Question: If a particle slides back and forth between two smooth planes as shown in the figure, then the corre...

Question

If a particle slides back and forth between two smooth planes as shown in the figure, then the correct statement is/are:

(A) The motion is oscillatory
(B) The motion is SHM
(C) If h is the initial height, then it’s period $T = \dfrac{4}{{\sin \theta }}\sqrt {\dfrac{{2h}}{g}}$
(D) If h is the initial height, then it’s period $T = \dfrac{2}{{\sin \theta }}\sqrt {\dfrac{{2h}}{g}}$

Answer 1

Solution

Hint
This question is typically based on the combined concepts of the force and the displacement.

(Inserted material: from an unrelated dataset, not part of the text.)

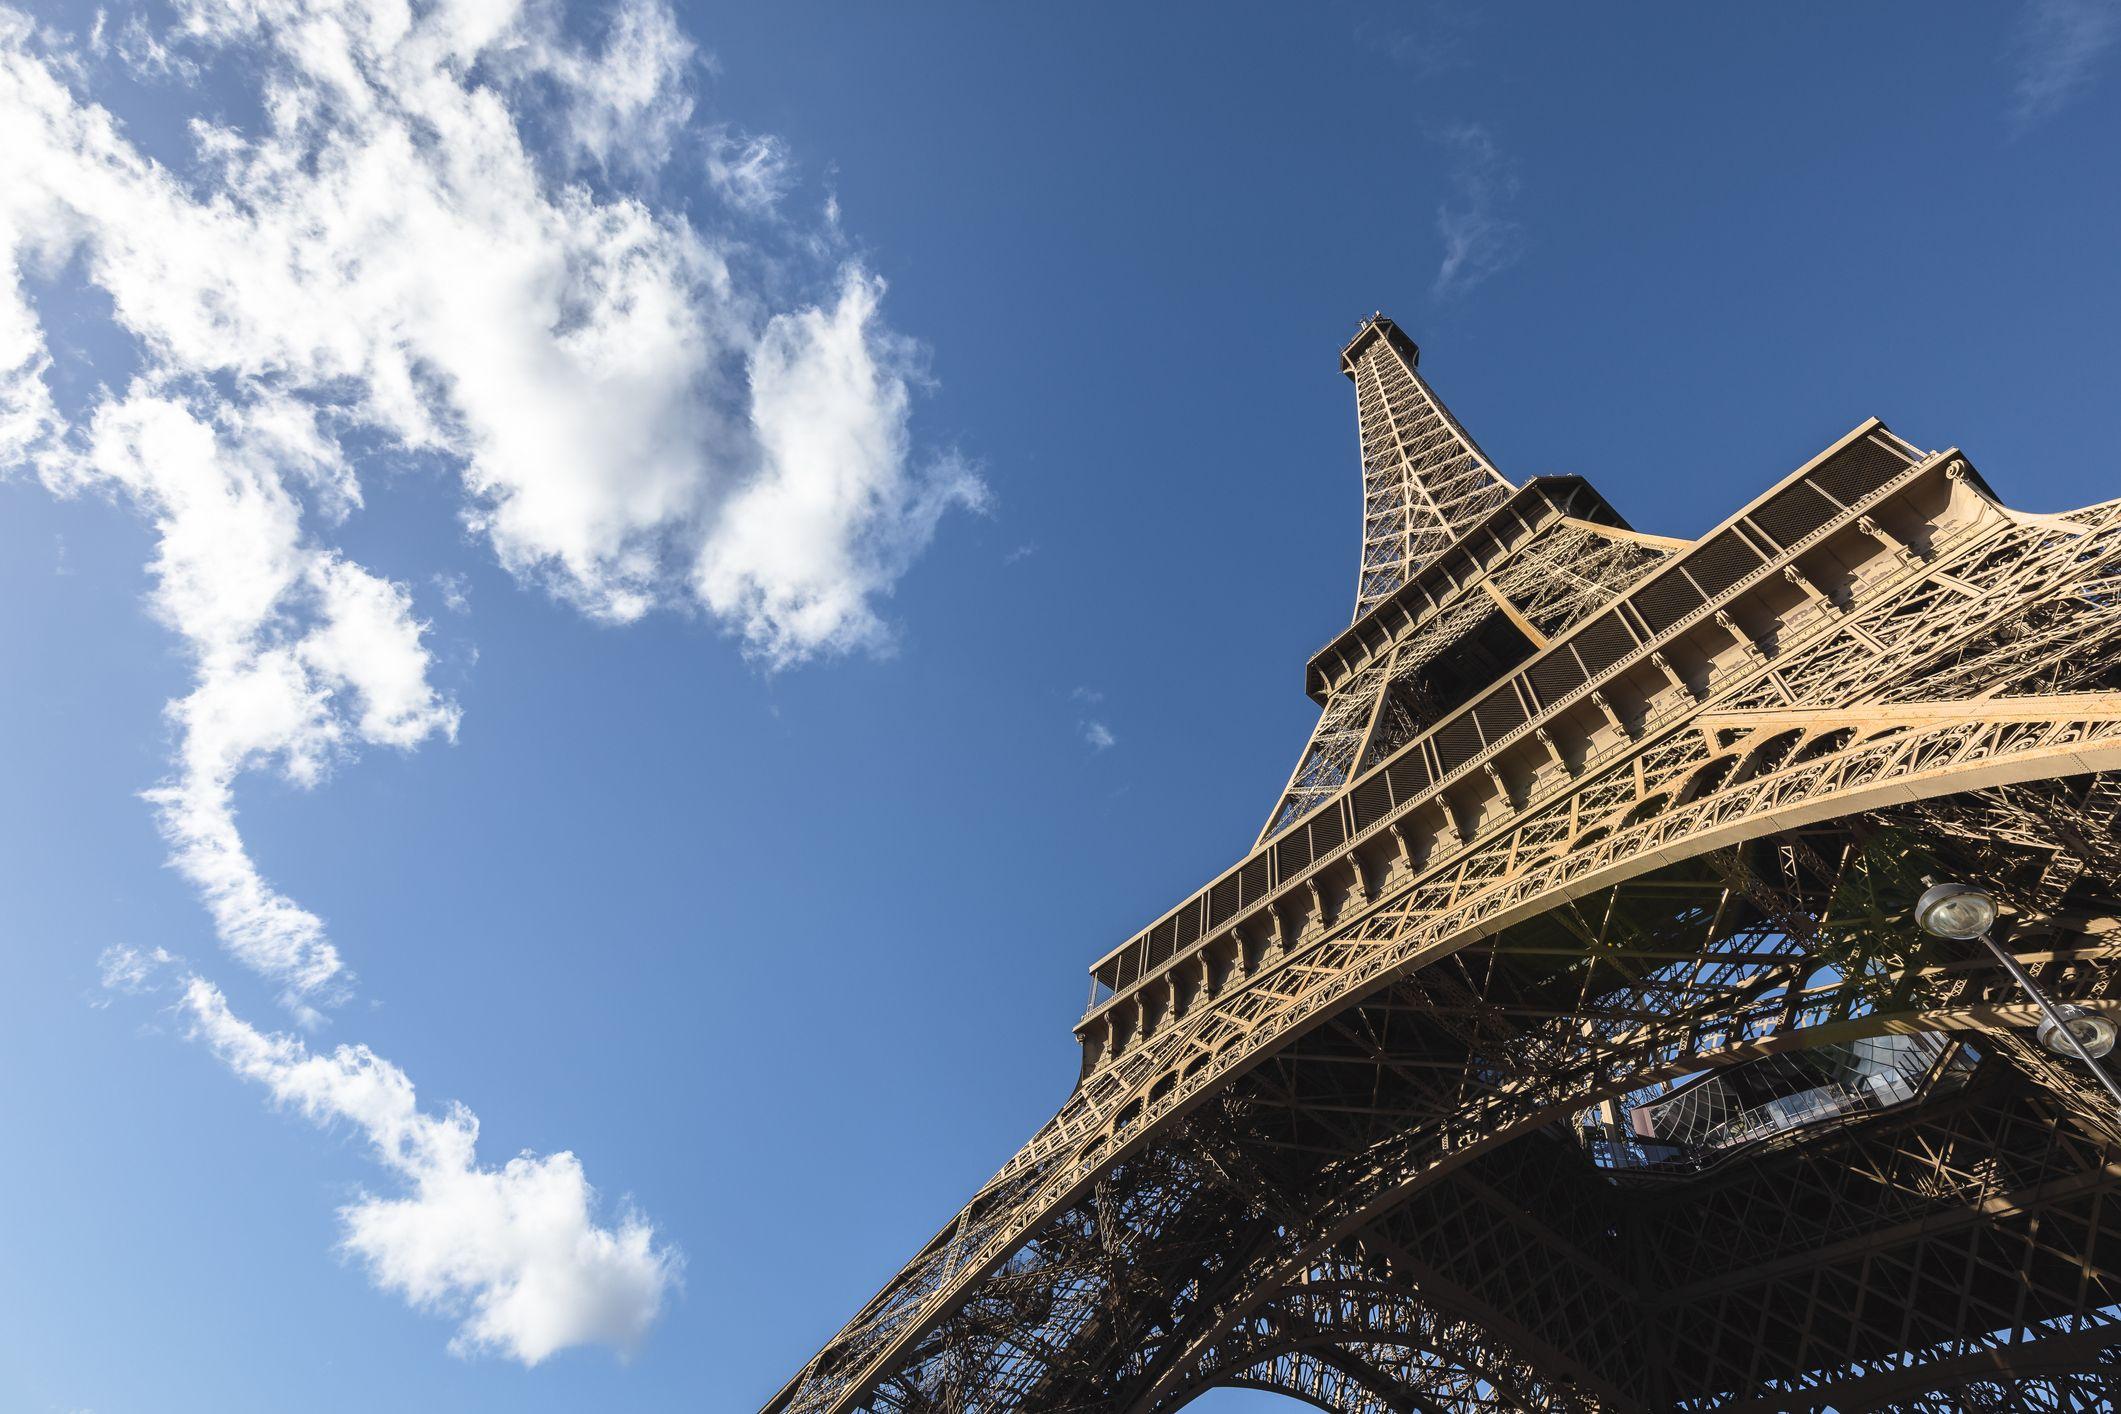 Ma perché la Torre Eiffel sarà dipinta d'oro?

We need to find the acceleration of the body in terms of the acceleration due to gravity and then find the distance travelled by the body for the first half of its motion. Using these 2 values we can find the time period of the body.
In this solution we will be using the following formula,
$\Rightarrow F = ma$
Where $F$ is the force on the body on mass $m$ , causing an acceleration $a$
$\Rightarrow s = ut + \dfrac{1}{2}a{t^2}$
where $s$ is the distance travelled,
$u$ is the initial velocity
and $t$ is the time.

Complete step by step answer
To solve this problem, let us first consider the following figure,

The force acts on the particle along the direction of the slide. The normal force, that is, $mg$ acts in the downward direction.
Therefore, we obtain an expression as the sine of an angle is the ratio of the perpendicular and hypotenuse of a triangle.
$\Rightarrow \sin \theta = \dfrac{F}{{mg}}$
So we can take the $g$ from the RHS to the LHS and write,
$\Rightarrow g\sin \theta = \dfrac{F}{m}$
Again we can express the above equation in terms of the acceleration as follows,
$\Rightarrow a = \dfrac{F}{m}$
So from the 2 equations we can relate the acceleration of the body to the acceleration due to gravity as,
$\Rightarrow g\sin \theta = a$
Therefore, from the above expression, we can see that the acceleration of the given particle is constant.
In the case of SHM, the acceleration will be proportional to the displacement, that is, $a \propto ( - x)$ .
But, here, in the given case, the acceleration is constant, thus, option (B) is wrong.
Now let us consider the equation of motion for further solving of the problem.
So, using the second law of motion, we have,
$\Rightarrow s = ut + \dfrac{1}{2}a{t^2}$
The distance travelled by the particle can be found by the following diagram,

We can write from here,
$\Rightarrow \sin \theta = \dfrac{h}{s}$
Therefore, we can write the distance travelled as,
$\Rightarrow s = \dfrac{h}{{\sin \theta }}$
Now by substituting the values of the acceleration and the distance travelled by the particle in the equation of motion, we get,
$\Rightarrow \dfrac{h}{{\sin \theta }} = (0)t + \dfrac{1}{2}(g\sin \theta ){t^2}$
The initial velocity is considered to be 0 so the first term 0.
Therefore, we can rearrange the terms as,
$\Rightarrow {t^2} = \dfrac{{2h}}{{g{{\sin }^2}\theta }}$
So we can get the time by taking square root on both sides as,
$\Rightarrow t = \dfrac{1}{{\sin \theta }}\sqrt {\dfrac{{2h}}{g}}$
This much time is taken by the particle to reach the bottom from the height ‘h’.
The four times of this time is needed by the particle to get back to its original position.

So, the time period of the particle is,
$\Rightarrow T = 4t$
This gives us,
$\Rightarrow T = \dfrac{4}{{\sin \theta }}\sqrt {\dfrac{{2h}}{g}}$
So, the motion of the particle is oscillatory with a time period of $\dfrac{4}{{\sin \theta }}\sqrt {\dfrac{{2h}}{g}}$ , thus, the options (A) and (C) are correct.
Therefore, the options (A) and (C) are correct.
$\therefore$ If a particle slides back and forth between two smooth planes, the motion will be oscillatory with a time period of $\dfrac{4}{{\sin \theta }}\sqrt {\dfrac{{2h}}{g}}$ .
Thus, the options (A) and (C) are correct.

Note
The simple harmonic motion is a kind of periodic motion where the restoring force is directly proportional to the magnitude of the displacement. Its direction is towards the equilibrium position of the body.